INFO[0000] Starting sync
INFO[0345] Pipeline step finished                        ErrorObj=0 InputObj=0 InputObjSpeed=0 OutputObj=81472 OutputObjSpeed=235.5826086413408 stepName=ListSource stepNum=0
INFO[0345] Pipeline step finished                        ErrorObj=0 InputObj=81472 InputObjSpeed=235.5826086413408 OutputObj=81472 OutputObjSpeed=235.5826086413408 stepName=LoadObjData stepNum=1
INFO[0345] Pipeline step finished                        ErrorObj=0 InputObj=81472 InputObjSpeed=235.5826086413408 OutputObj=81472 OutputObjSpeed=235.5826086413408 stepName=UploadObj stepNum=2
INFO[0345] Pipeline step finished                        ErrorObj=0 InputObj=81472 InputObjSpeed=235.5826086413408 OutputObj=0 OutputObjSpeed=0 stepName=Terminator stepNum=3
INFO[0345] Duration: 5m45.832251791s                     durationSec=345.832249833
INFO[0345] Sync Done                                     status=0
./s3sync --fs-disable-xattr --s3-retry 5 --s3-retry-sleep 5 --tr us-east-2     55.48s user 51.38s system 30% cpu 5:45.87 total

The retry settings are critical, as this tool also triggers S3 errors, which are actually 500s. I even saw 500s when deleting the folder in S3 itself, which is very odd but at least indicates that it's not machine/setup specific.

It's notable that the sync speed is exactly the same whether the content is in the bucket already or not. Since the files are so small that makes sense: the time taken depends on the number of requests, i.e. the number of files, not their size. A check is as expensive as an upload.

finestructure commented 1 year ago

We could perhaps achieve similar sync times with our current setup if we didn't do exponential back-off and allowed for retries per file. Right now we retry the whole sync on error, that's probably what's making our sync so slow.

finestructure commented 1 year ago

Just spotted another package (via 404s in our logs) that's failing doc upload and therefore not showing a documentation link:

CleanShot 2022-12-19 at 11 00 29@2x

I've manually triggered a rebuild but I suspect this might be a rather frequent occurrence that we don't have good visibility into.

This doc upload service is probably important to fix not just for large doc set uploads (this package has 162MB of docs and is failing).

daveverwer commented 1 year ago

It might even be worth deleting builds for the ~200 packages with documentation when we have a fix in place.

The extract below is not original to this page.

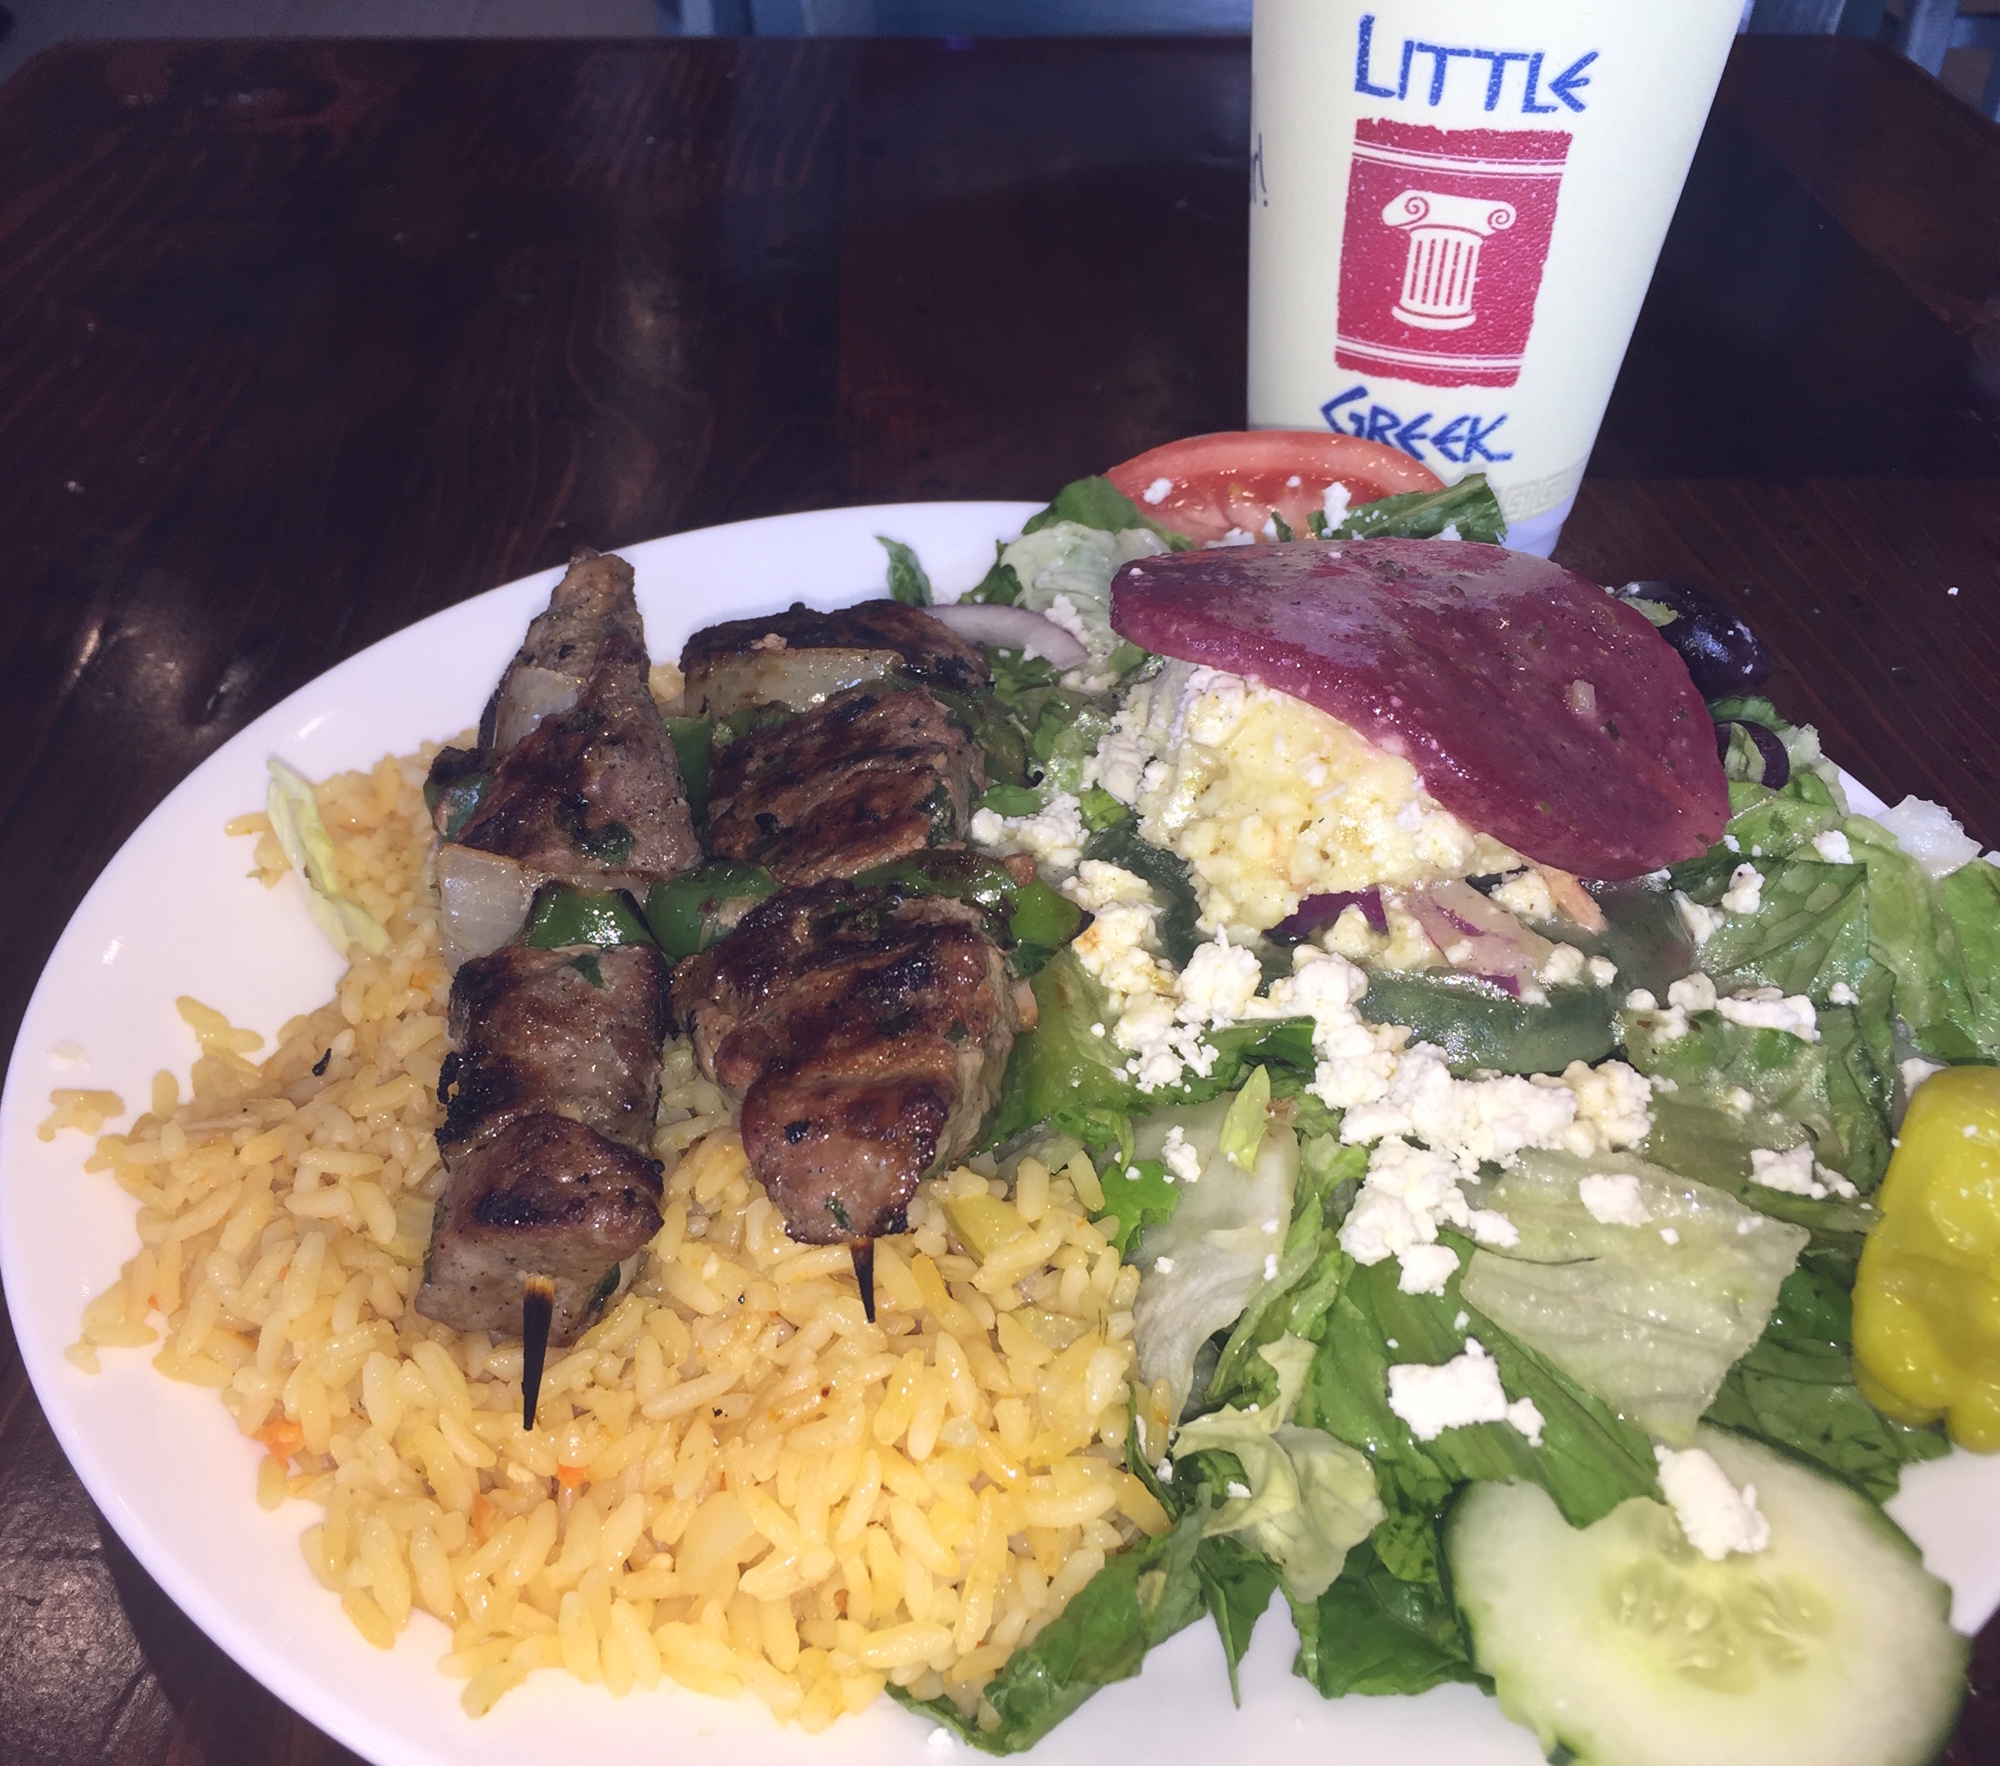 The steak skewers (souvlaki) come in two options: lite or dinner. The lite option comes with two skewers and the dinner option comes with three.

finestructure commented 1 year ago

Doc Uploader

Link to implementation notes: https://noteplan.co/n/21830411-C2AB-4EFF-932C-1A04DBBCB16C

finestructure commented 1 year ago

Quick update. The lambda and builder changes are live (but inactive).

However, testing revealed performance problems even when copying from the Lambda to S3. With a bit of effort it can be done in 14m30s, which is just under the 15m hard Lambda runtime budget. That's too close to ship it like that.

Also, we'd be paying 15m of compute per version when all we're doing is copying (which takes ~13m30s), at a rate of $15 per mille.

We know that the doc set can be copied to S3 in under 6mins, so before shipping this I'm looking into ways to make this faster.

The problem likely is due to the fact that the Lambda is single threaded and we're not uploading in parallel.

finestructure commented 1 year ago

Thanks to @adam-fowler's help we're down to ~9.5m for the copy, with the total run time (arm64) being just over 10m.

finestructure commented 1 year ago

This is now live. The doc set limit is currently still 500MB for all packages except swift-syntax, for which it is 1GB.

That means currently only swift-syntax will opt-into the new doc uploader, because we only start using the doc uploader for doc sets > 500MB but actually reject all doc sets > 500MB except swift-syntax.

We'll lower the threshold over the coming days to onboard more packages into the new process.